13. Multi-process multiprocessing, process pool

Source: Internet
Author: User

Content Related:

Multiprocessing:

    • Creation and operation of processes
    • Process common related functions

Process Pool:

    • Why do you have a process pool
    • Process pool creation and operation: serial, parallel
    • callback function
Multi-process multiprocessing:

Multiple processes in Python require the use of the multiprocessing module

    • Creation and operation of multiple processes:

1. Process creation: Process object =multiprocessing. The Process (target= function name, args= (parameter,)) "complements that because args is a tuple, a single parameter is added", ""

2. Process run: Process object. Start ()

The join of the process is the same as the join of the thread, meaning " block the current process until the process that calls the Join method finishes executing, and then proceeds to the current process"

Note: This must be used in code in Windows, which is not required in Linux

ImportMultiprocessing,time,osdefThread_run ():Print(Threading.current_thread ())defRun (name): Time.sleep (1)    Print("Hello", Name,"Run in", Os.getpid (),"Ppid:", Os.getppid ())if __name__=='__main__':#must be addedobj=[]     forIinchRange (10): P=multiprocessing. Process (target=run,args= ('Bob',)) Obj.append (P) p.start () start_time=time.time () forIinchObj:i.join ()Print("Run in main")    Print("spend time:", Time.time ()-start_time)

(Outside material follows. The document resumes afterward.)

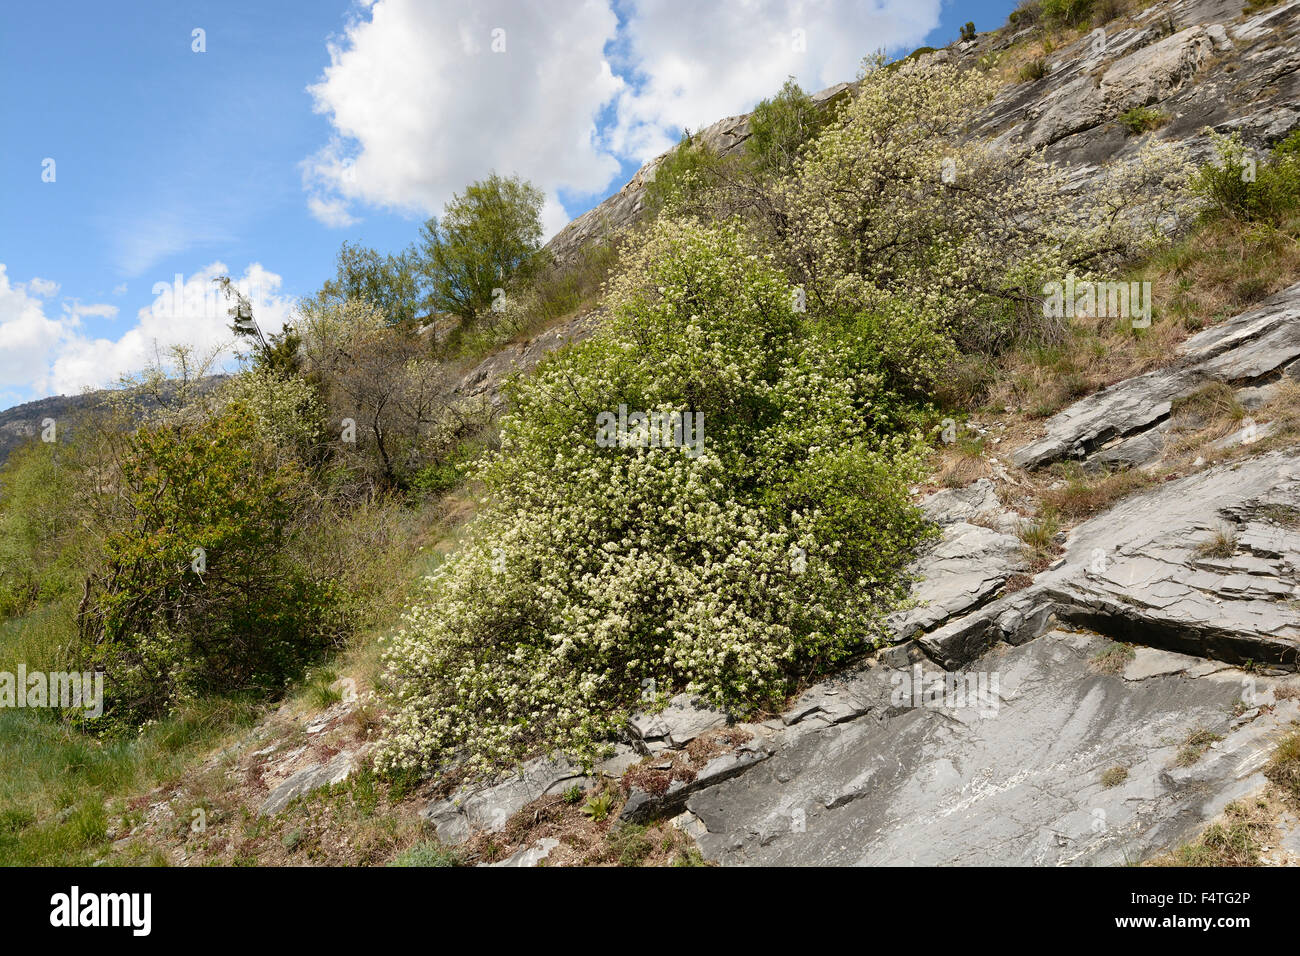 Dry slope, hedge, Haw, Hawthorn, Crataegus monogyna, Rosaceae, shrub, plant, blooming, flowers. rocks, Raron, Valais, Switzerlan Stock Photo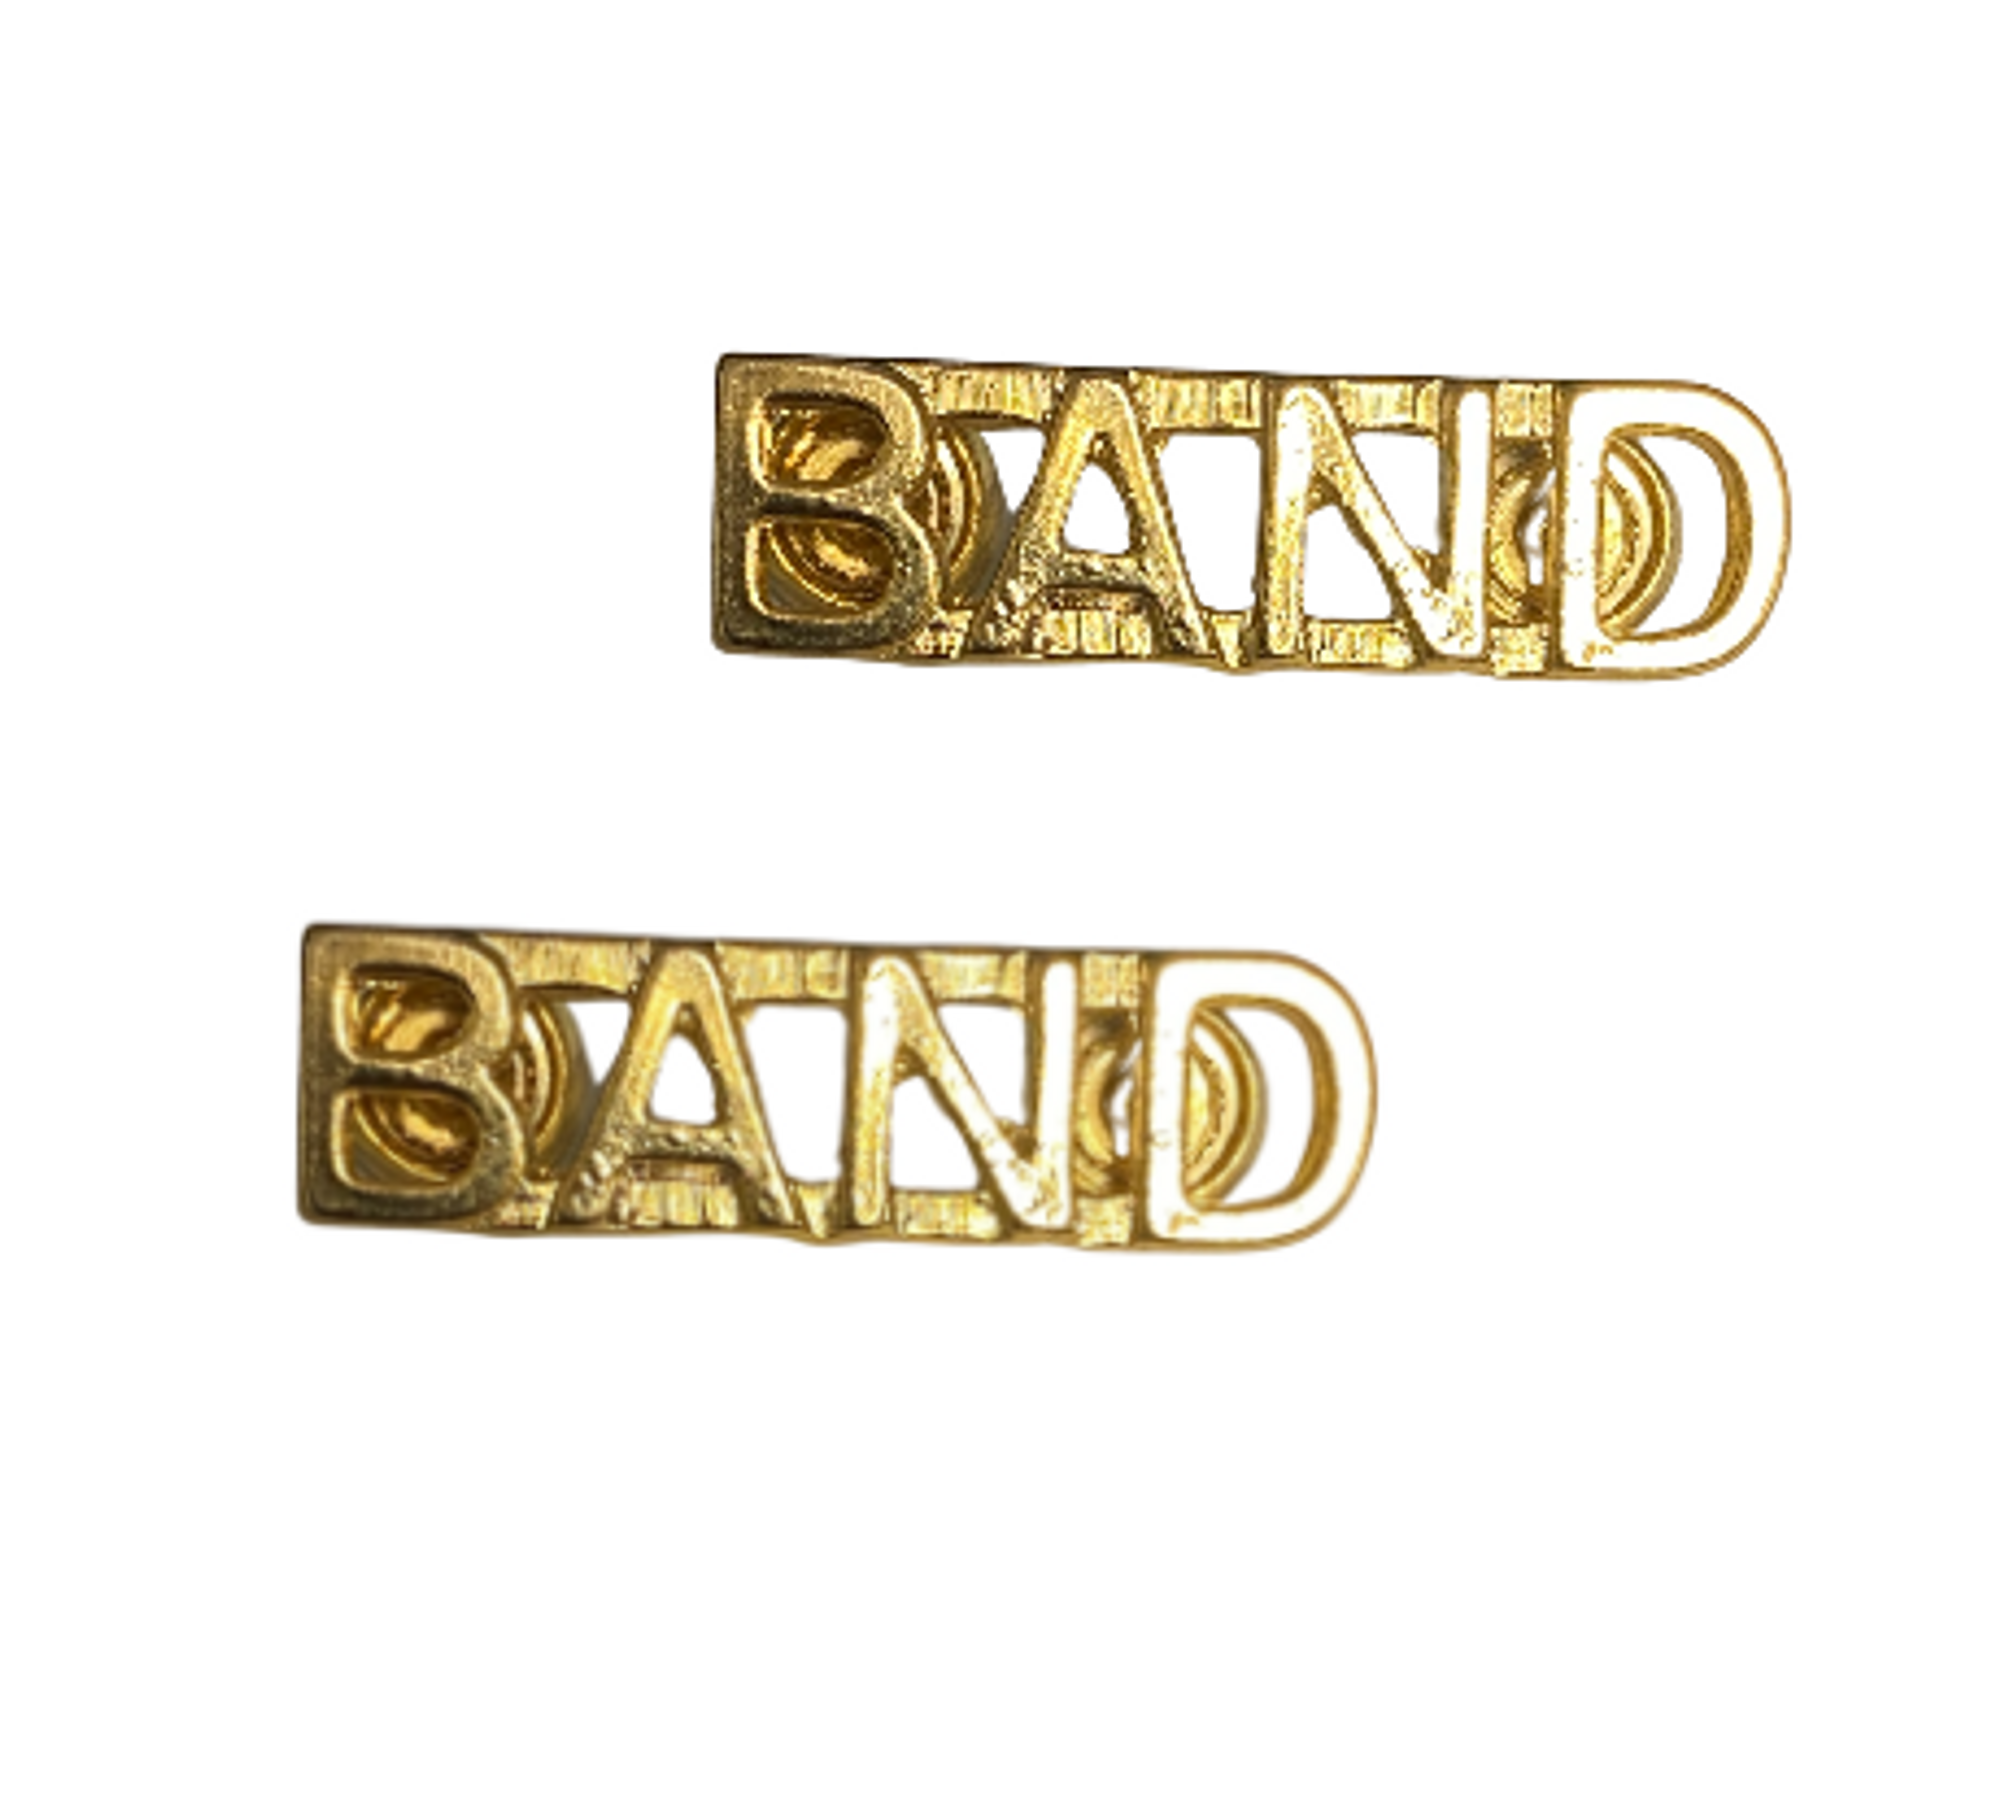 Canadian Armed Forces Band Shoulder Title Badge (Pair)

    • Same as Multithreading: You can also create processes by inheriting the multiprocessing process

The class that inherits multiprocessing's process class has two main things to do:

1. If you initialize your own variables, first call the parent class's __init__ () "If not called, you have to fill in the relevant parameters, trouble!" "Then do your own initialization, if you do not need to initialize your own variables, then you do not need to rewrite __init__, directly using the parent class __init__ can" inherit "

2. Overriding the Run function

Import Multiprocessing class myprocess (multiprocessing. Process):    def  Run (self):        print("run in myprocess  ")if__name__= ="__main__":    p =myprocess ()    P.start ()    p.join ()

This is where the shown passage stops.